Performances were very good and in many ways different from the expected. Nancy began as a very street wise lady, with an abrupt, abrasive quality. (I'm reminded of Jeremy Iron's comment that he is not afraid to play a character people might not like.) As time went on, she became much more endearing as she moved towards the understanding that allowed her to begin to take Oliver's part against Bill Sykes. It was a well judged and very well sung performance from Olivia McGarry. Playing Fagin as quite a young man (leaving us many years before he will be 'seventy'), Daniel Doherty's performance was very acceptable and allowed us to be part of his thoughts and musings on the life ahead. His excellent diction, lightness of movement and thoughtful performance was very convincing. Mr. Bumble was played with authority by David Cooke. It didn't take long for Widow Corney (Caroline Madigan) to take the wind out of his sails. Her top notes in 'I shall scream' were great. His voice was also good but the pitch of 'Boy for sale' almost defeated him.

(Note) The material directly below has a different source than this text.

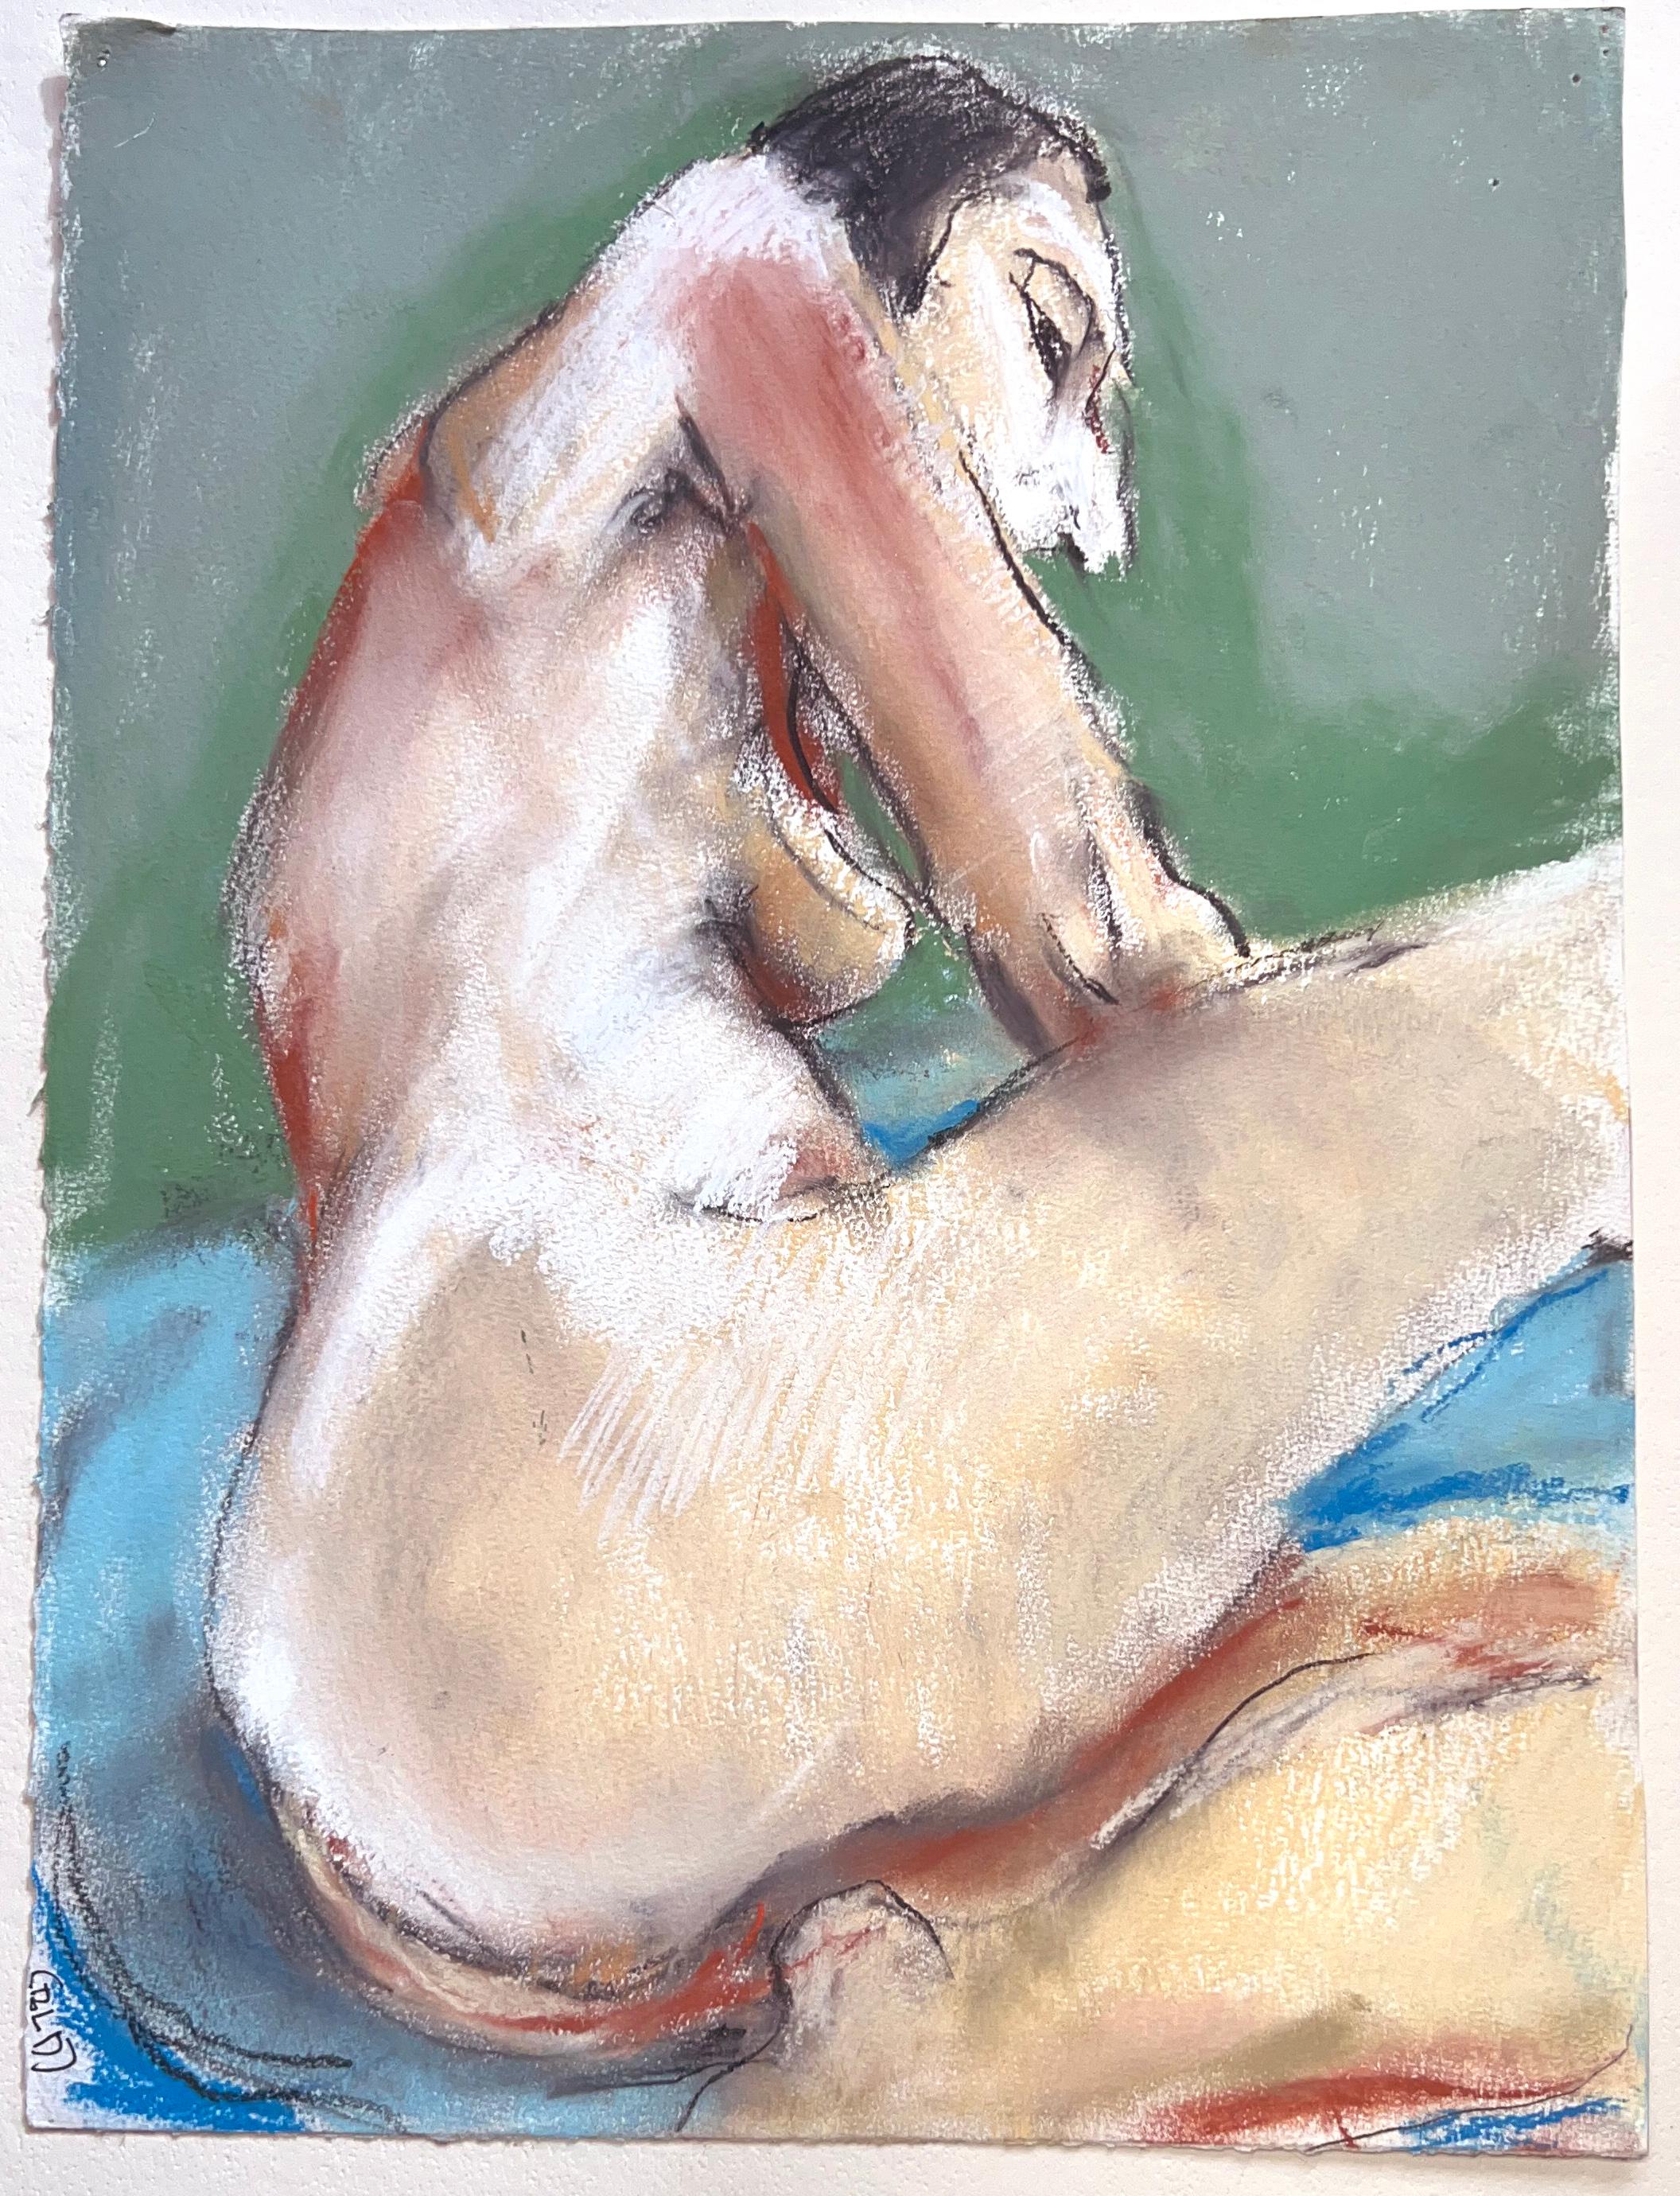 Abstrakter Expressionismus der Bay Area – Aktstudie einer Frau – Painting von Unknown

Given the difficulties of the setting, some interesting directorial choices were made. Leonard Anderson chose to cut the final scene in Act I, where Oliver is caught for stealing Mr. Brownlow's wallet. The act ended with 'Cheerio but be back soon'. The gang moved and sang with excellent precision but I missed the climactic moment. Storywise, of course, what happens in the final scene is told by Dodger to Fagin in 'The Three Cripples', so the omission can be justified. Oliver had no bed for his scene with Mrs. Bedwin and the doctor. He had to walk on with her to be examined. This worked very well. The young Derek Tully had a great concentration and played off the adults in his life very coolly indeed. We had a very gentle performance from Catherine O'Rourke as Mrs. Bedwin. Old Sally (June Egan), also without a bed, died on the floor, giving us a great moment when Corney and Bumble indicated their lack of concern for her by stepping over her dead body.

Props and Costume were very good. I would have had Mr. Brownlow (Gerry Miley) wear a hat outdoors and would have given gloves to the beautifully besuited gentlemen. Lighting was remarkably good in the circumstances of the venue. The upstage yellow screen tended to collect the light sent straight in at it and gave more shadows than would have occurred if there had been the opportunity for side lighting. It is quite ironic that the Club itself sported tens of thousands of 'pounds' worth of lighting equipment, which, alas, could not be touched for the show!

Singing, that of the children and of the adult chorus, was very musical. Martina Hawthorne, chorus mistress, prepared the music very well. There was great energy and musicianship in the Public House. The quartet of street singers blended wonderfully; Oliver here also sang with great confidence. Dodger (Craig Burke) was very cheeky, sang well and managed Oliver with assurance. Morgan Cooke's conducting maintained a very good pace with a very musical band. Sykes made an excellent entrance down stage from the auditorium and it was most effective that we did not immediately see his face. Pat Walshe played and sang strongly.

Overall, an interesting and very entertaining show. And the front of house team excelled themselves in their care of the audience.